That's seriously shocking! I find it hard to believe that people who would do that can live with themselves. Thank goodness you came along and were able to give that little one a good home.


----------



## MisStingerRN (May 16, 2010)

Some people make me see red! Poor little hunny's. You did what you could and good for you. Bless.xx


----------



## rubia (Jul 3, 2008)

He was just selling them pups on a hot day. In the scope of what goes on regarding the mistreatment of animals this is probably minor.

OF COURSE...svdreamer somes by at just the right time. I am convinced God puts these pups in her path.


----------



## svdreamer (Feb 20, 2010)

Your right, Rubia, he had no meaness in him, he just had no knowledge what was appropriate for the breed and the little ones. I did try to educate him, but don't think I got through. Because he had no knowledge, it scares me that if he did sell him to someone else that didn't know about hypoglycemia and the care and feeding requirements of a chi this young and this small, the new owner probably would have ended up with a dead puppy. Being that he was much smaller than his brothers, the girlfriend may not have known there could be problems either. I never would have known what to look for or what to do if I did have this wonderful forum to go to for info and support.

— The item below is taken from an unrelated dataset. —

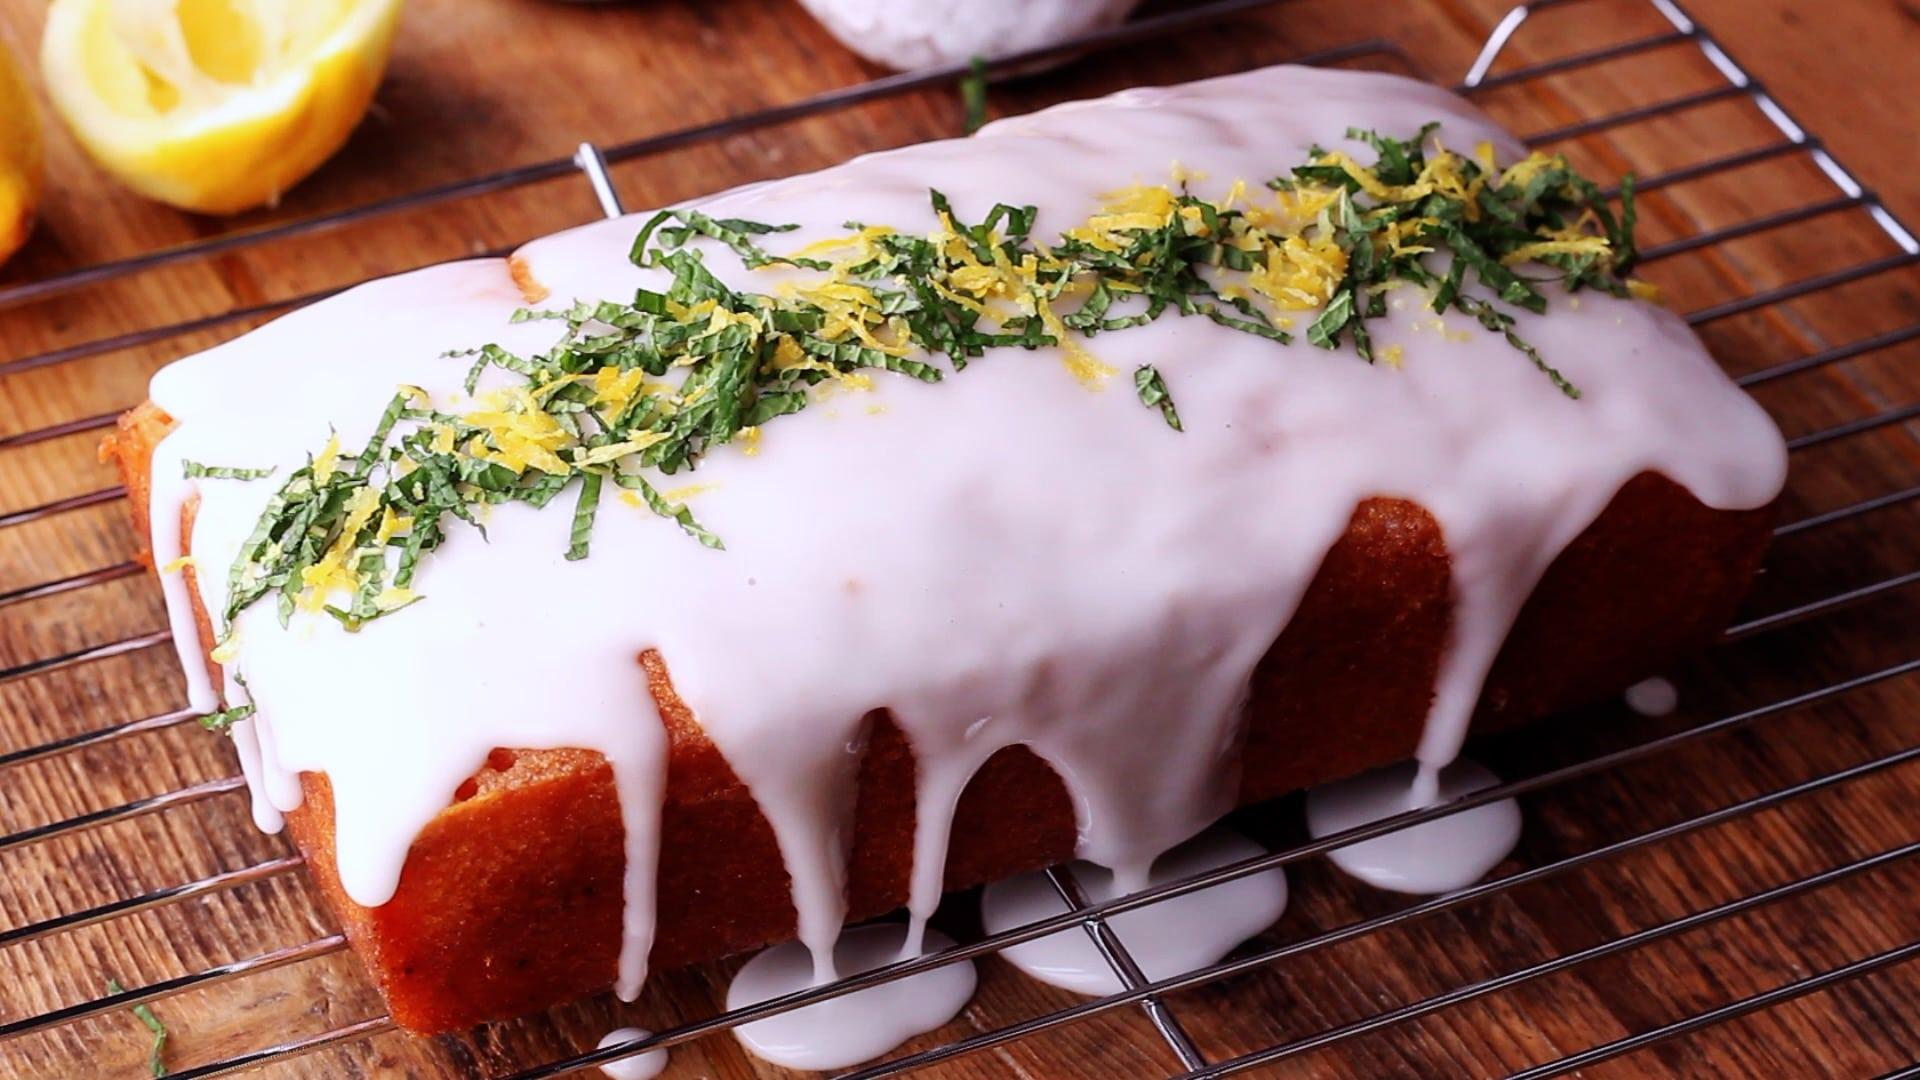 Decorate with lemon icing, fresh mint and lemon zest
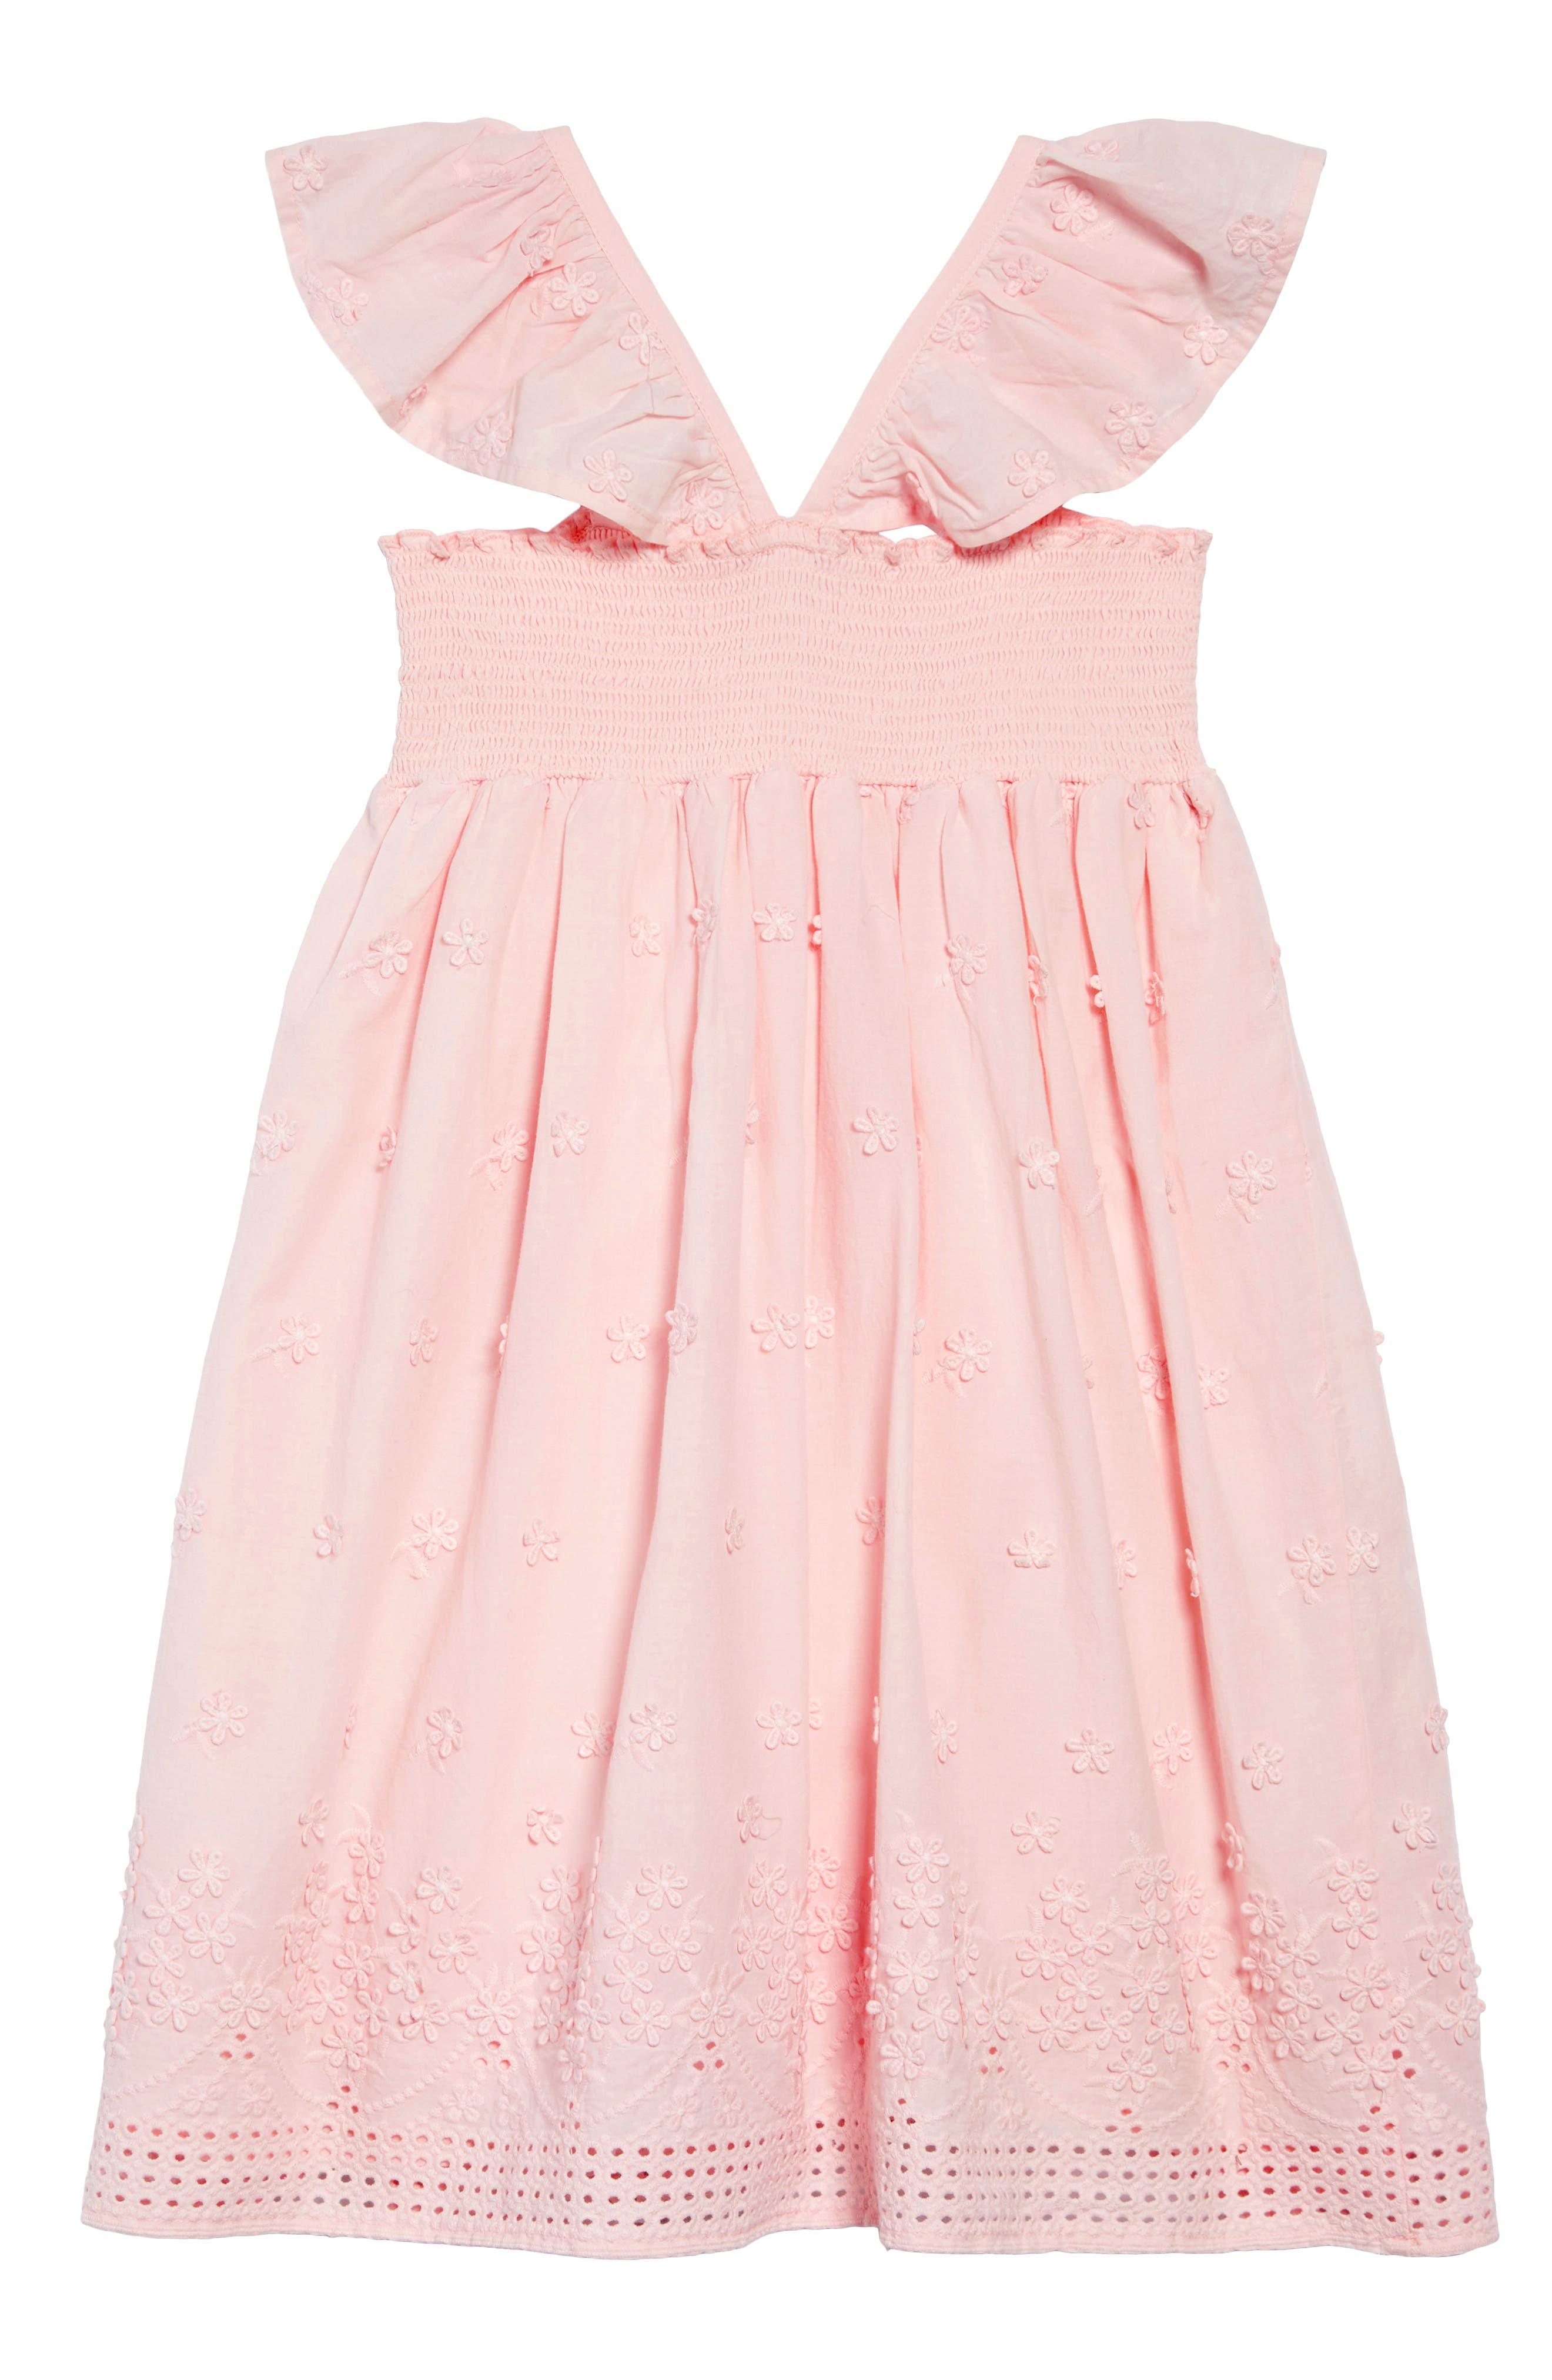 RUBY & BLOOM,                             Flutter Sleeve Dress,                             Alternate thumbnail 2, color,                             PINK CHINTZ

If I were to call the police, I doubt they would do anything. If I were a store owner and called, the most they would do is tell him to leave and he would find another place to set up. If I called SPCA or the pound and they took the pups, they would be pts. All pups under 8 weeks are automatically put down. Sometimes if the pups are of a desirable breed, come in with the dam, and are near 8 weeks old they will bypass this rule, depending on how crowded they are.


----------



## cherper (May 8, 2009)

rubia said:


> He was just selling them pups on a hot day. In the scope of what goes on regarding the mistreatment of animals this is probably minor.
> 
> OF COURSE...svdreamer somes by at just the right time. I am convinced God puts these pups in her path.


I agree!  
What a wonderful thing you did!!!!!!!!!


----------